Learning Objectives: 1. Get practice with a slightly more realistically scaled machine learning problem then what we have done in prior assignments this will give you the opportunity to apply a great many of the techniques we have explored so far 2. Apply features of TagHelper and Weka for processing raw text data. 3. Investigate issues related to feature space design. Description: Before we watch a movie, we read reviews about it!!. Typically movie reviews also indicate whether the movie is good or bad (with thumbs up/down symbols) or provide a rating on a scale of 0-5 or 0-10. Suppose if we want to apply machine learning algorithm to come up with a decision whether the reviews of a movie are positive or negative, then such a machine learning algorithm would take review comments / text as input and predict whether the review is negative / positive about the movie. In this assignment, we are given a bunch of reviews on several movies classified as positive and negative. The goal is to build a classifier that can correctly assign either a positive or negative tag to the movie review texts. Use MovieReviews.xls. Step-by-Step Guide: 1. Complete the week 6 and 7 assigned readings, and review the lecture slides from week 7, especially where instructions for using TagHelper tools were given 2. Manually examine some examples of given movie-reviews data and observe what could be likely features that could predict a review to be negative or positive. 3. Read the file into TagHelper tools and configure the customization panel so that you are using only unigram features, and you are using attribute selection to get the top 200 of these attributes, and do the classification using SMO. After you have run TagHelper tools, you will find a performance report and output file in the OUTPUT directory as well as a .arff file in the ARFF directory. (rename it as base-line .arff file and set it aside with the performance report.) a. Make a note of the baseline performance as indicated in the performance report. 4. Do an error analysis and determine where the machine learning algorithm is making mistakes 5. Load the .xls file into TagHelper tools again. Based on your error analysis, configure TagHelper in such a way as to try to compensate for the confusions

you observed in your error analysis. You may wish to create some new features using the Advanced Feature Editor. Now run TagHelper to obtain a new .arff file and performance report. Label the .arff file Final.arff. 6. Compare the performance obtained in Step 5 Vs Step 3 using the Experimenter to determine whether any observed difference in performance is statistically significant.

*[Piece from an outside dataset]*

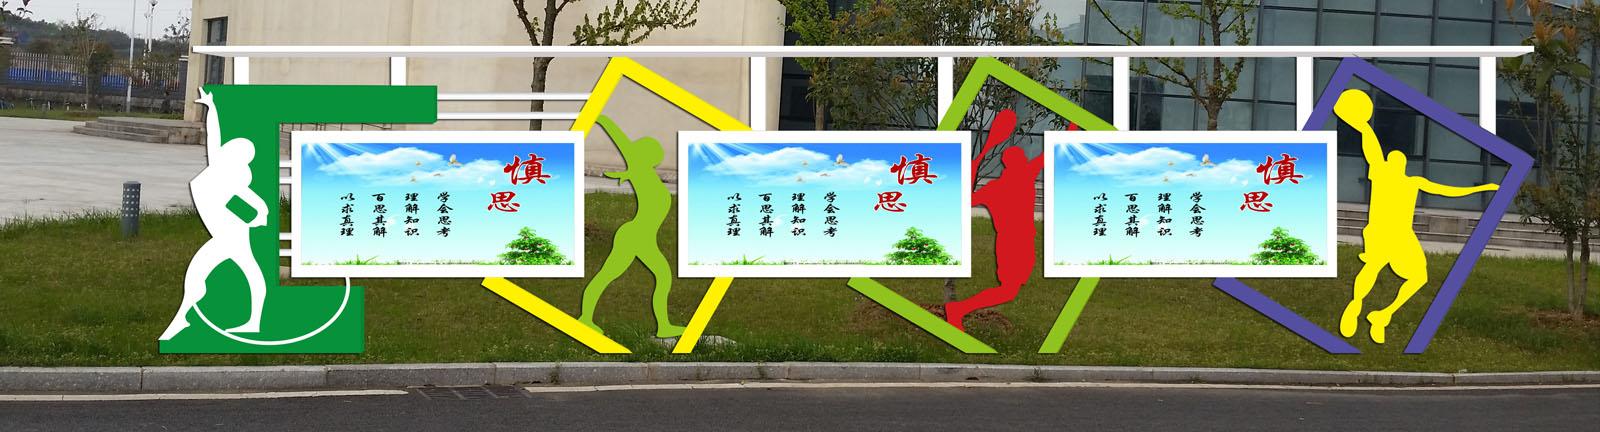 潮州公交候车亭

Deliverables: 1. Your baseline .arff file, your final .arff file after experimentation and modification, 2. Write up of your experimentation process that includes: a. Your observations from your initial exploratory analysis of the data, b. A description of your baseline performance and error analysis c. A description of what you tried for improving results over your baseline and why you thought it would work d. A comparison of the results of your final approach with your baseline approach. e. Was it significantly better? NOTE: Your report should display your understanding of the concepts and the logic/process you have chosen to uncover the hidden features in the text. Your report should explain why a particular technique seemed to be working or not working. The final performance (high or low accuracy) plays a secondary role in reviewing your report.